In the listing that follows, locate the line containing "Cincy Latin Halloween" and the line containing "Gummistempel Konzept mit". Retype exactly those two lines and every line between them, and nothing more.

RECORDS FOR PROCESSING:
--------------------------------

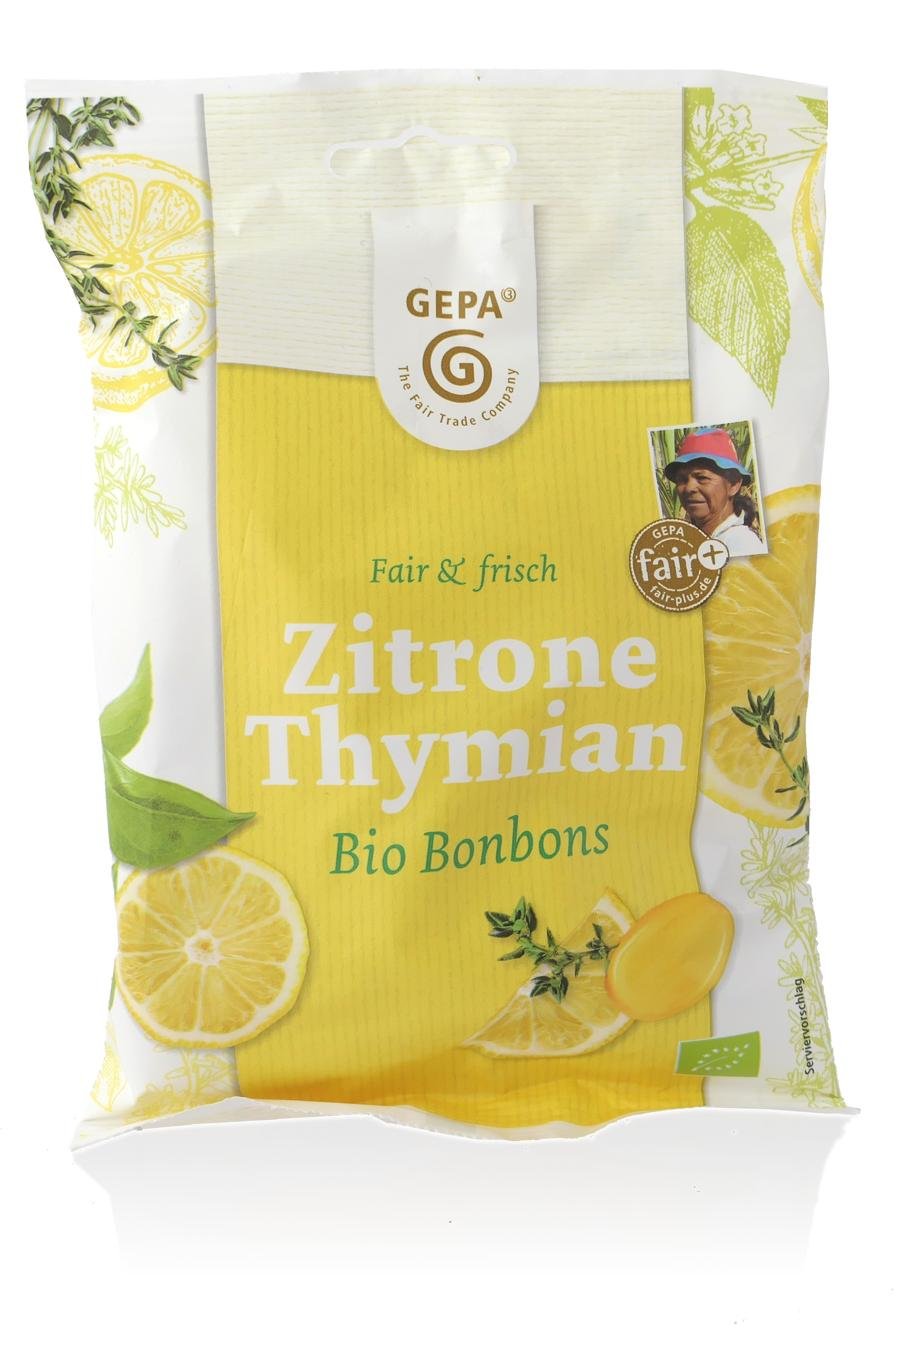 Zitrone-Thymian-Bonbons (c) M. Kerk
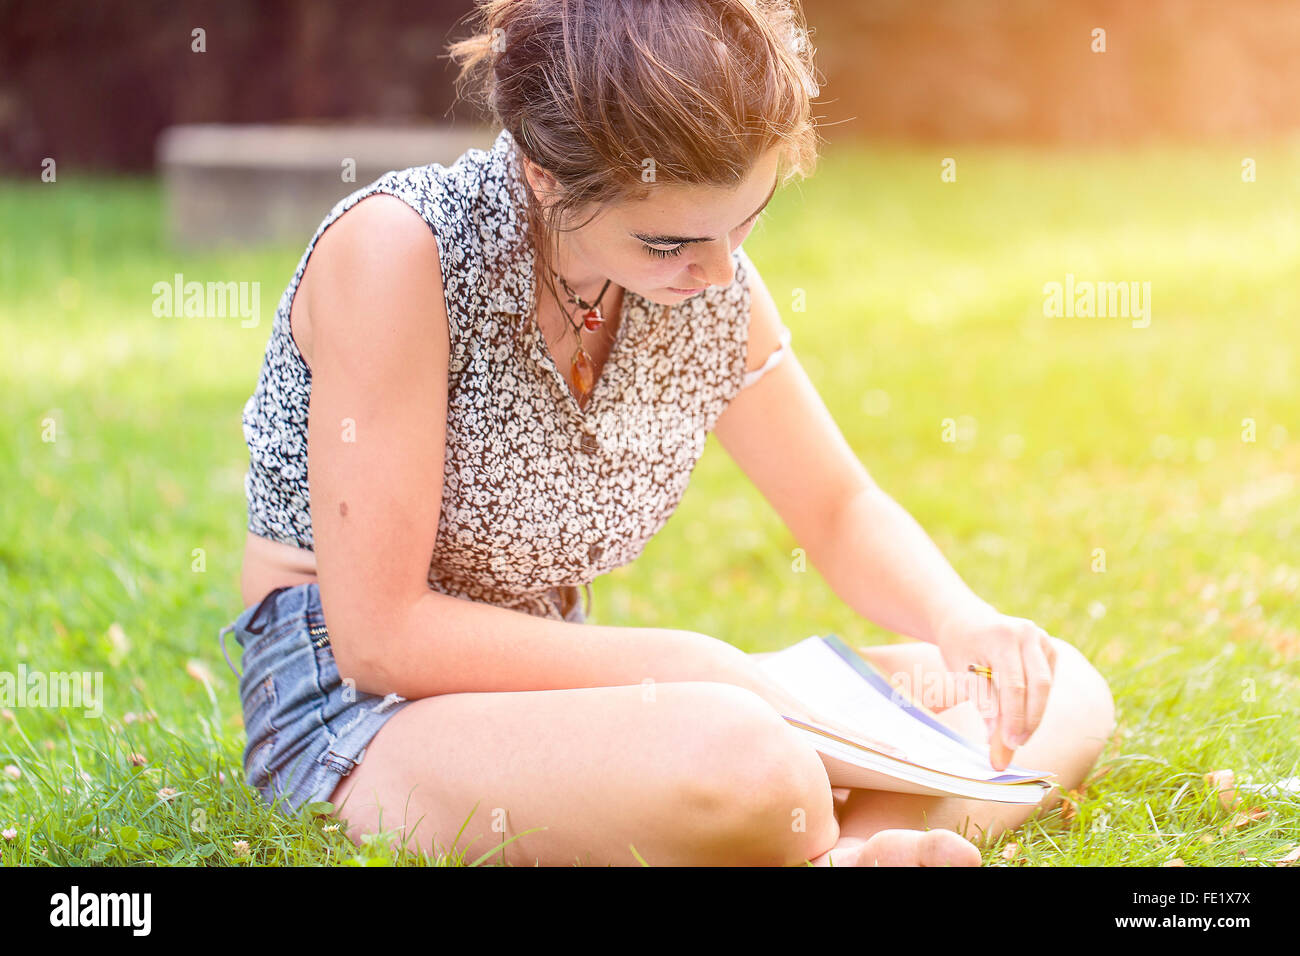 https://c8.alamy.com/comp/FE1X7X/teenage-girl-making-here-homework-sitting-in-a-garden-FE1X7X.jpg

--------------------------------

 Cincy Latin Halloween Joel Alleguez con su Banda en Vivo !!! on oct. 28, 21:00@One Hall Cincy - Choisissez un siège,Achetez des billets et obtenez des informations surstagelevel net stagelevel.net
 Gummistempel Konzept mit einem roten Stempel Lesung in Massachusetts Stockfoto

--------------------------------

TASK RESPONSE:
 Cincy Latin Halloween Joel Alleguez con su Banda en Vivo !!! on oct. 28, 21:00@One Hall Cincy - Choisissez un siège,Achetez des billets et obtenez des informations surstagelevel net stagelevel.net
 Gummistempel Konzept mit einem roten Stempel Lesung in Massachusetts Stockfoto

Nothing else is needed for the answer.